Его ежедневный маршрут всегда неизменен. Он ведет мимо магазина
«Спорт», затем сворачивает с проспекта в переулок и через грушевую
аллею выводит прямиком к главному корпусу больницы. Потом уходит
вдоль больничного забора направо, к дворику детского онкологического
института; тут наш герой, погруженный в свои нешуточные раздумья,
огибает кусты сирени и поворачивает восвояси.

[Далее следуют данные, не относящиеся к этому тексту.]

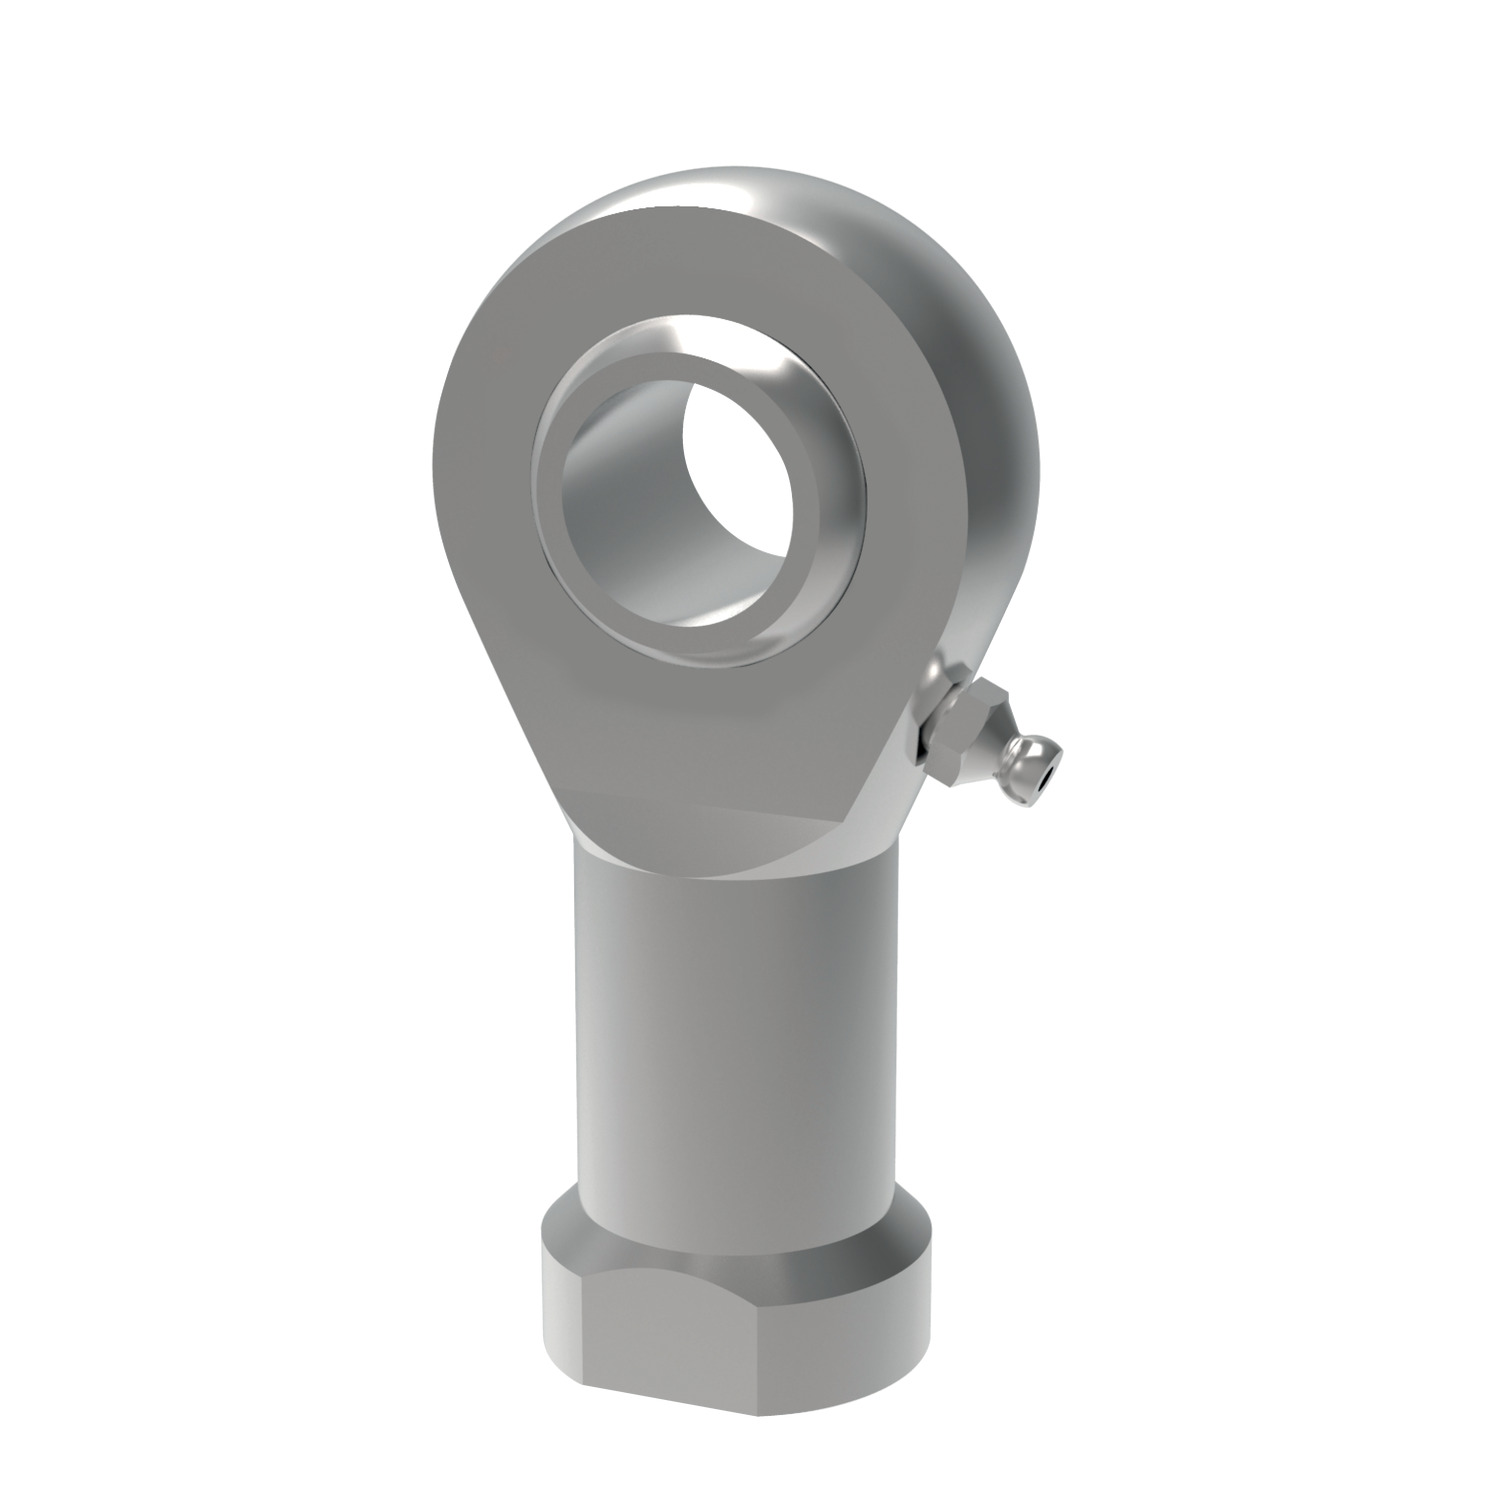 Stainless Heavy-Duty Rod Ends - Female Stainless steel heavy duty female rod end with ball bearings in the raceway.

На площадке перед институтом всегда безлюдно, вокруг лишь пыльный
бурьян да фонари, зажигающиеся к вечеру через одного. Здесь тупик.
Огромные трейлеры, стремясь скоротать путь, часто сворачивают
сюда, покупаясь на видимость солидной дороги, а она вдруг упирается
в ворота автостоянки. И, как мухи, бьющиеся меж оконными рамами
о стекло, они потом долго и неуклюже разворачиваются на крохотном
пятачке обратно.

Напротив института, за высоченным забором из массивных бетонных
плит – промзона. Там наше знаменитое авиа-КБ, ангары и прочие
бесчисленные казематы из серого силикатного кирпича и все того
же бетона. Правда, узреть во всем его великолепии этот заповедник
эпохи сумрачного производственного монументализма можно лишь с
крыш соседних зданий.

Именно отсюда, из дверей здешней проходной, каждый вечер с понедельника
по пятницу, ровно в пять, минута в минуту, выплескивается в переулок
и устремляется по узкому коридору к грушевой аллее, а затем по
ней – к метро колонна немолодых, неброско одетых людей с бледными,
чуть одутловатыми лицами. Такие лица – может, от сырости, а еще
от однообразной, небогатой витаминами пищи – он помнил, были у
детей бараков заштатного украинского городка, с которыми ему довелось
играть в детстве. Эта ассоциация с прошлым усиливалась зимой,
когда происходящее напоминало кадры черно-белой кинохроники. Кажется,
так брели по дорогам войны колонны пленных – неважно, наших ли,
немцев – молча, отрешенно глядя прямо перед собой.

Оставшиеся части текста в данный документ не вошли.